Snow, anyone? So far, March is living up to it's lion best.





Riddick update: No surgery! Turns out an old fracture in his hock and some sort of soft tissue strain are causing his pain, so he's on pain meds and rest. Huge sigh of relief.

Writing update: I'm exhausted. I should have some new content next week, maybe even tomorrow. I have a peace offering of lines. 97k words in on Fix You and coming to a close. Yay. And I got to write within some new POVs, which may or may not be fun. I can't decide.


          With a look that was a clear warning, Jo melted out of sight behind the door and Tam stepped in front of it, pulling it closed behind him as he joined Walt on the stoop. Tam gave him the up/down and moved past him, dropped down on the wooden step and stretched his legs out in front of him. He was in jeans, socks, and some old threadbare band t-shirt. He fished a pack of smokes from his back pocket and shook one loose; stuck it between his teeth before he asked, “Why’re you here?” in a flat, disinterested voice.

            Wales had always been smug; he’d never had a damn thing to his name save a leather jacket and that old Detroit-made hunk of steel his mother had left him. How could a man with no accomplishments have anything to be smug about? Walt had always supposed it was nabbing Jo, gaining a place in the family, that had fueled his sense of victory. It was a notion that had spawned a loathing, one that he was having a hard time swallowing tonight.
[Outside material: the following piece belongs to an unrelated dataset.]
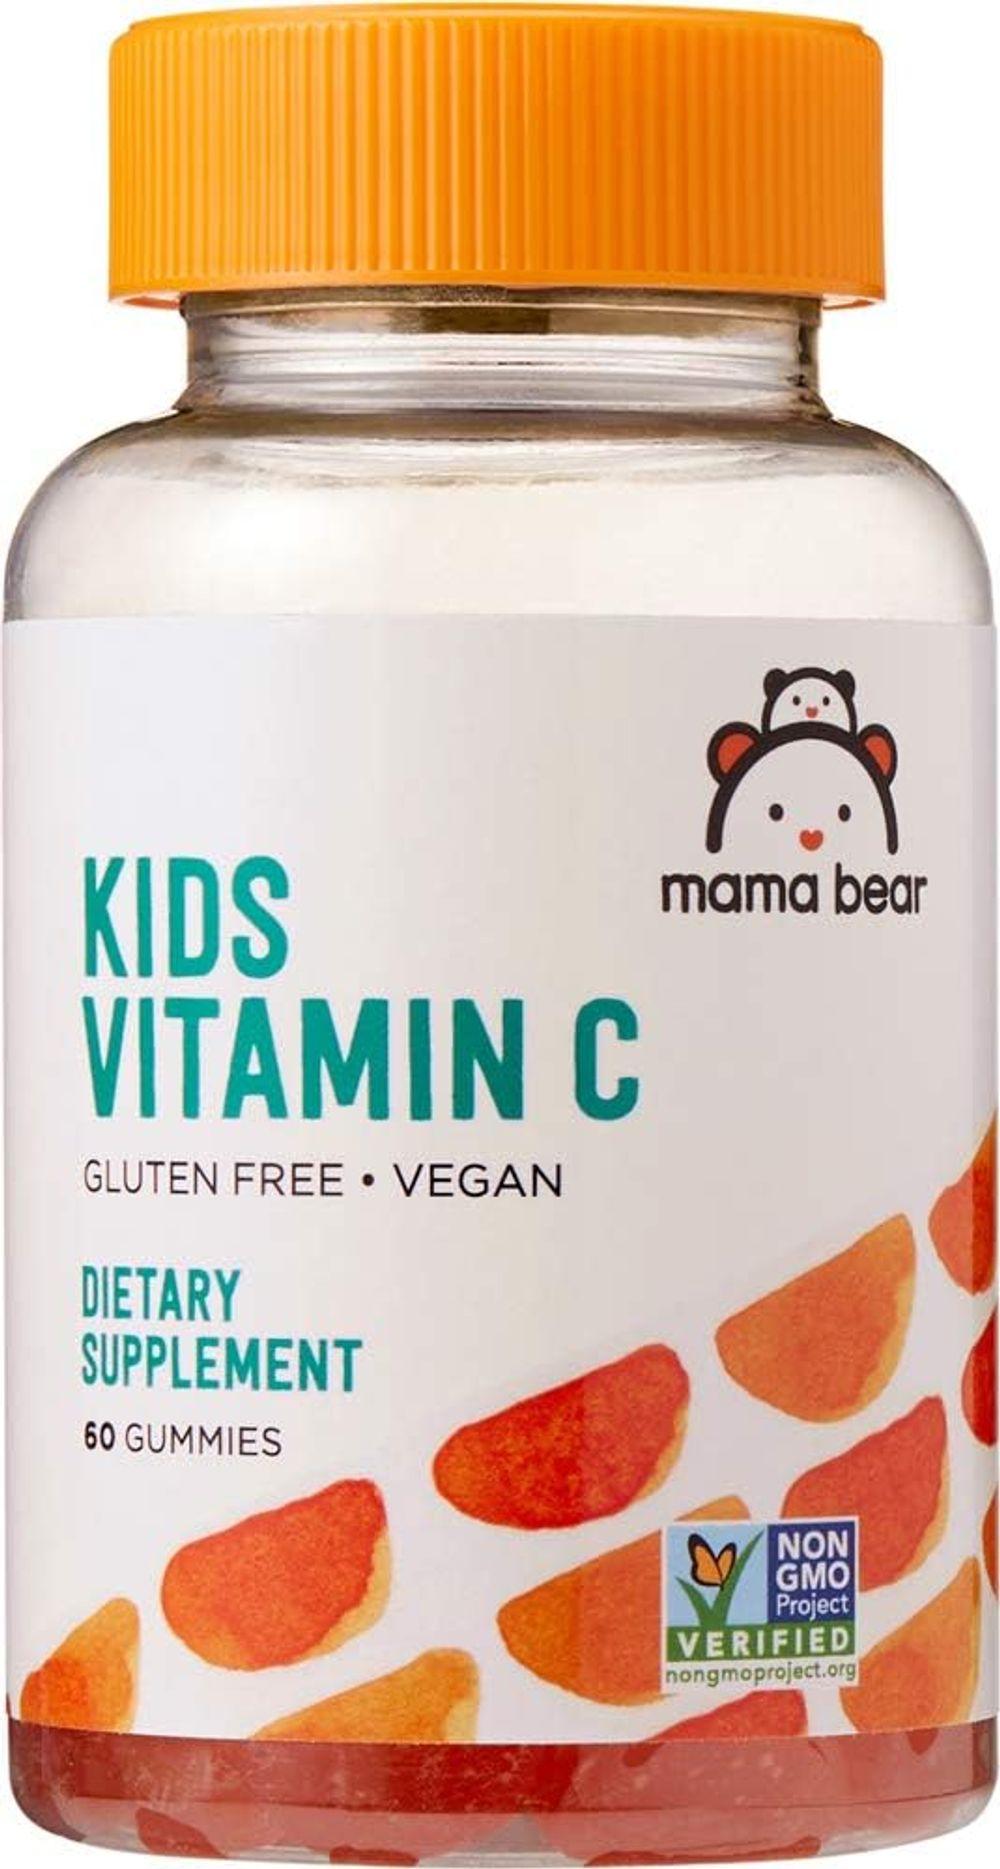 Amazon Brand - Mama Bear Vegan Kids Vitamin C, 60 Gummies, Immune Health, 125 mg Vitamin C per gummy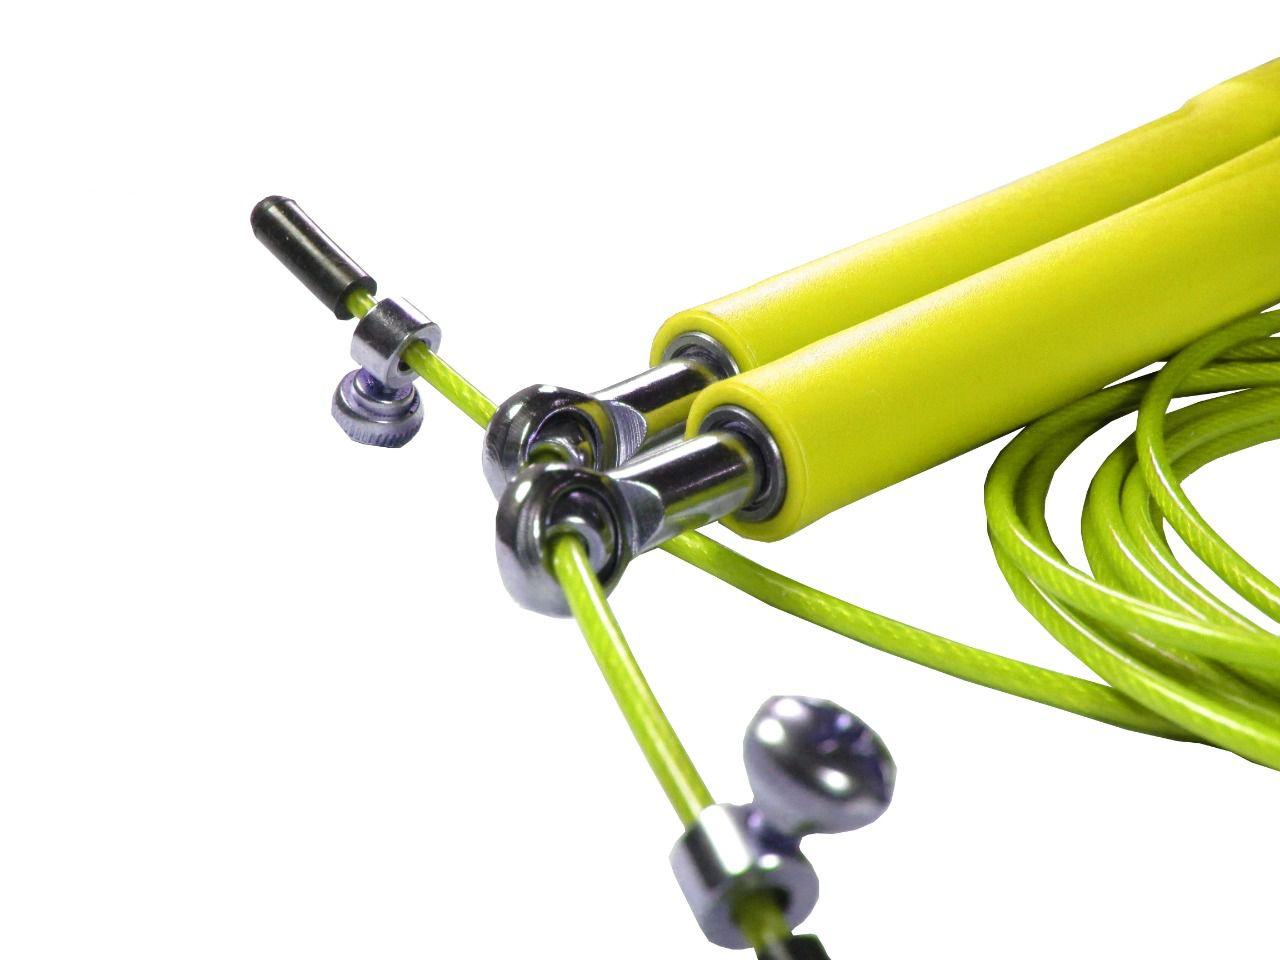 Corda De Pular Speed Rope 2 Rolamento / PVC Amarelo

            “I came to wave the white flag,” he said, biting back the contempt in his voice.

            Tam lit his cigarette and turned to glance back over his shoulder, blowing smoke into the night through his nostrils. “Not buying it.”

**

           “I may be the baby, but I’m not an idiot.”

            He felt a faint smile tugging at the corners of his mouth. “Did I ever say that?”

            “That or something very much like it.”

            He couldn’t apologize – he wasn’t ready for that – but he draped a careful arm across her little shoulders. She stared at the house across from them, but didn’t shrug him away, and Walt thought that might be a start.